Other types of tokens
- these tokens are typically shorter than JWT or OIDC tokens
- it is generally not possible to extract information from them
Plugins
- some clusters use external exec plugins
- these plugins typically use API keys to generate or obtain tokens
- example: the AWS EKS authenticator works this way

Token authentication in practice

We are going to list existing service accounts
Then we will extract the token for a given service account
And we will use that token to authenticate with the API

Listing service accounts

The resource name is serviceaccount or sa for short:
```
kubectl get sa
```

]

There should be just one service account in the default namespace: default.

Finding the secret

List the secrets for the default service account:

kubectl get sa default -o yaml
SECRET=$(kubectl get sa default -o json | jq -r .secrets[0].name)

]

It should be named default-token-XXXXX.

When running Kubernetes 1.24 and above, this Secret won't exist.
Instead, create a token with kubectl create token default.

Extracting the token

The token is stored in the secret, wrapped with base64 encoding

View the secret:
```
kubectl get secret $SECRET -o yaml
```

Extract the token and decode it:

TOKEN=$(kubectl get secret $SECRET -o json \
        | jq -r .data.token | openssl base64 -d -A)

]

Using the token

Let's send a request to the API, without and with the token

Find the ClusterIP for the kubernetes service:

kubectl get svc kubernetes
API=$(kubectl get svc kubernetes -o json | jq -r .spec.clusterIP)

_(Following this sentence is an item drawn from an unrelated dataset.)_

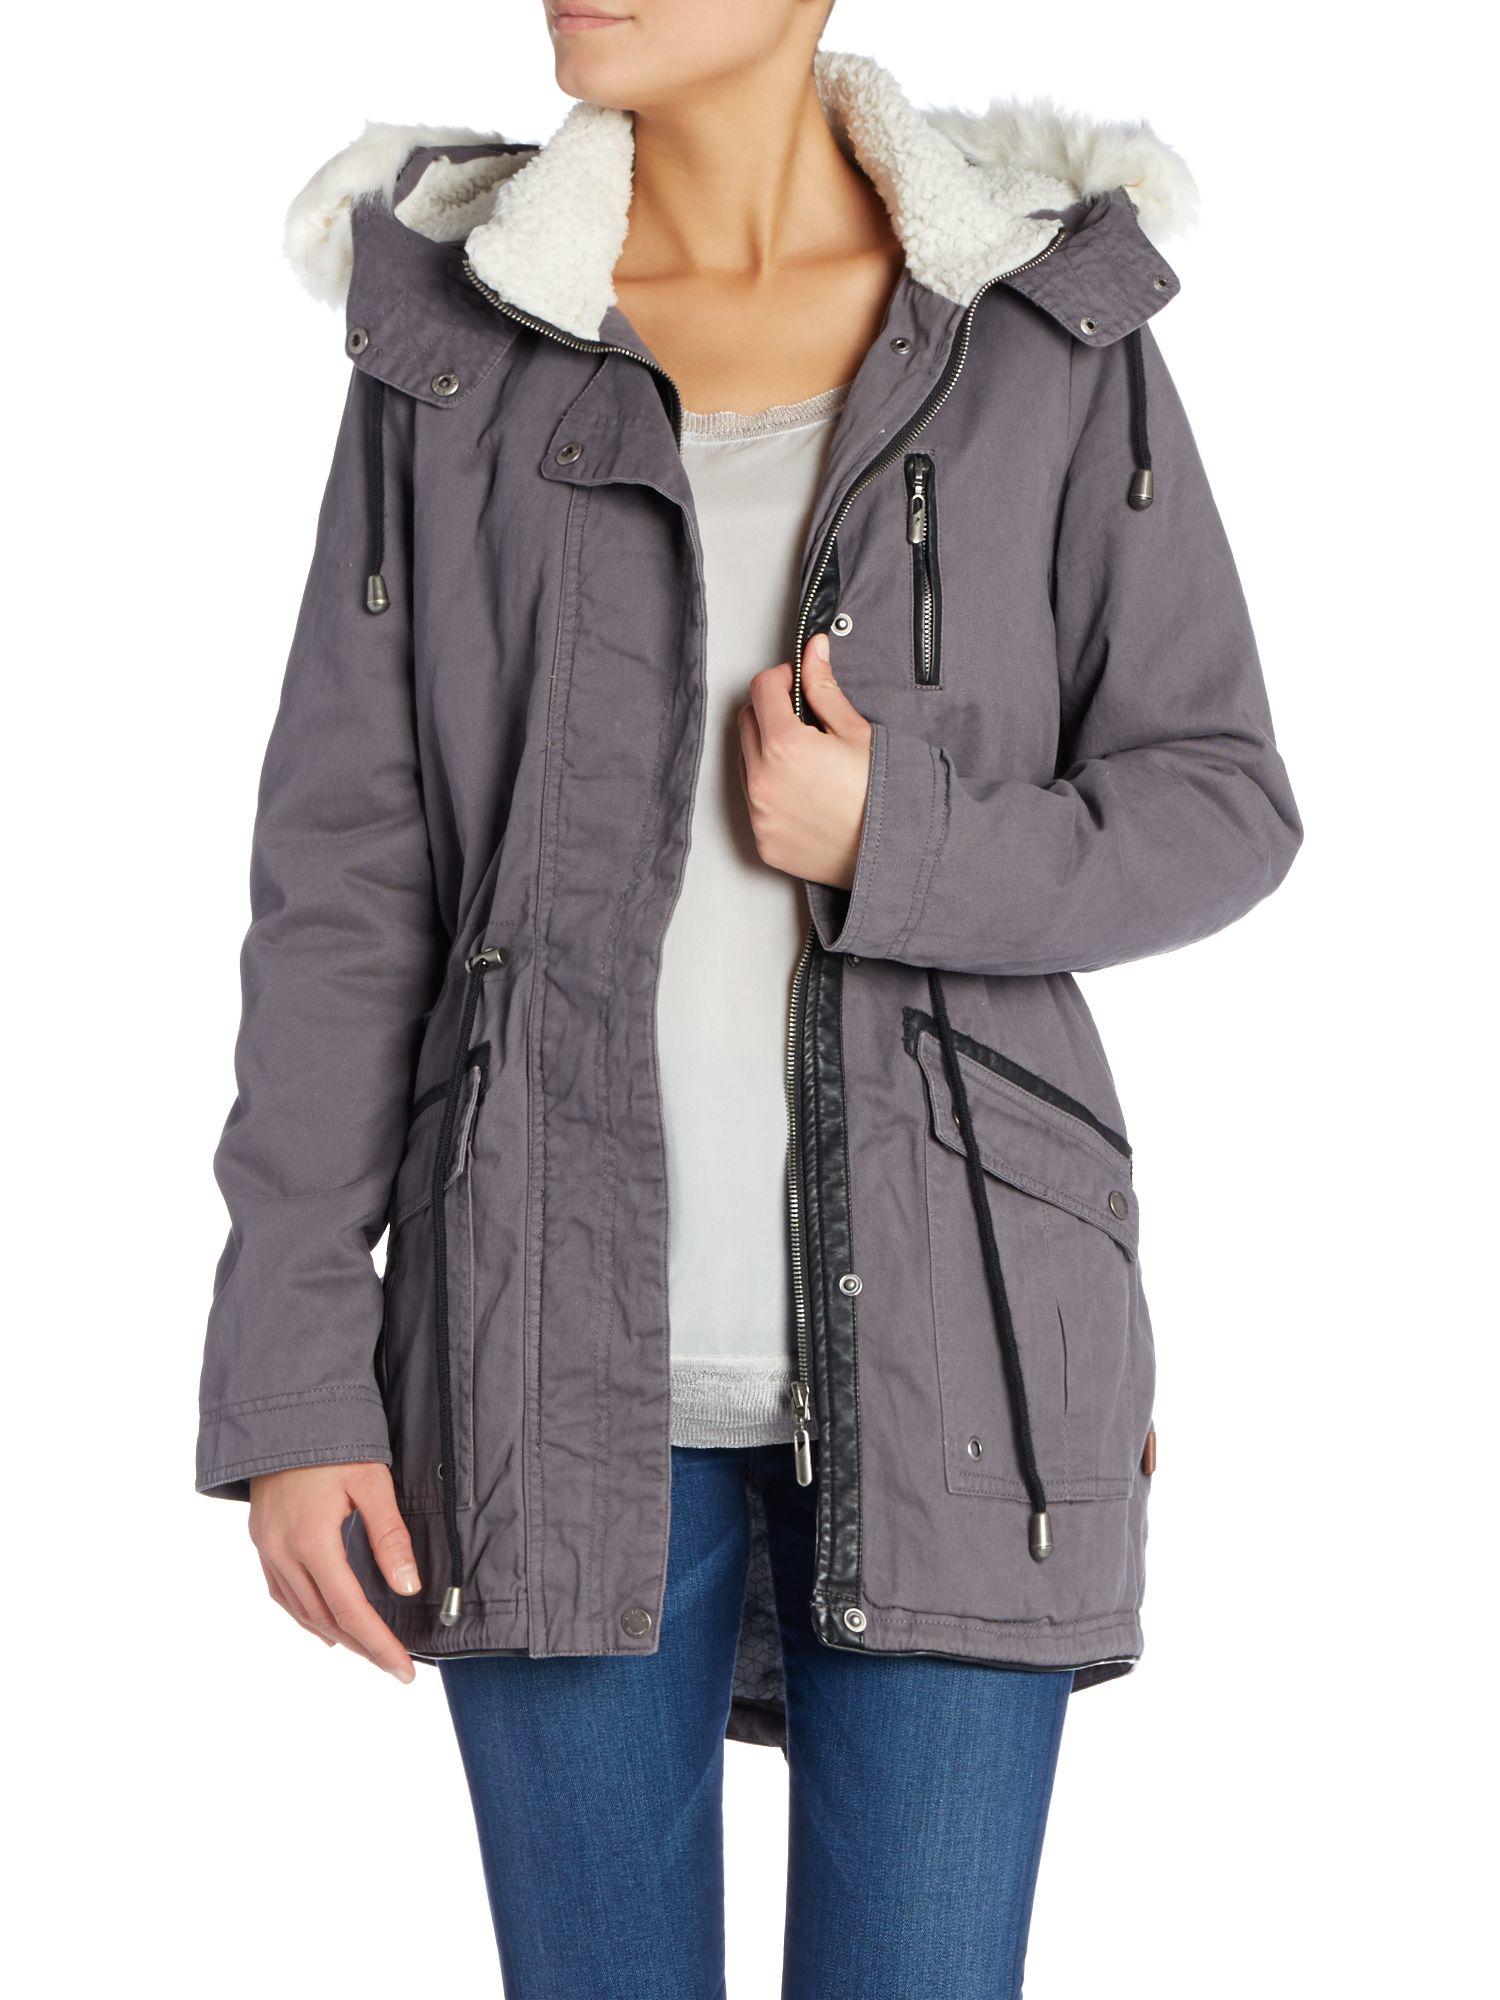 Bellfield Parka With Detachable Faux Fur Hood in Gray | Lyst

Connect without the token:
```
curl -k https://$API
```

Connect with the token:

curl -k -H "Authorization: Bearer $TOKEN" https://$API

]

Results

In both cases, we will get a "Forbidden" error
Without authentication, the user is system:anonymous
With authentication, it is shown as system:serviceaccount:default:default
The API "sees" us as a different user
But neither user has any rights, so we can't do nothin'
Let's change that!

Authorization in Kubernetes

There are multiple ways to grant permissions in Kubernetes, called authorizers:
- Node Authorization (used internally by kubelet; we can ignore it)
- Attribute-based access control (powerful but complex and static; ignore it too)
- Webhook (each API request is submitted to an external service for approval)
- Role-based access control (associates permissions to users dynamically)
The one we want is the last one, generally abbreviated as RBAC

Role-based access control

RBAC allows to specify fine-grained permissions
Permissions are expressed as rules
A rule is a combination of:
- verbs like create, get, list, update, delete...
- resources (as in "API resource," like pods, nodes, services...)
- resource names (to specify e.g. one specific pod instead of all pods)
- in some case, subresources (e.g. logs are subresources of pods)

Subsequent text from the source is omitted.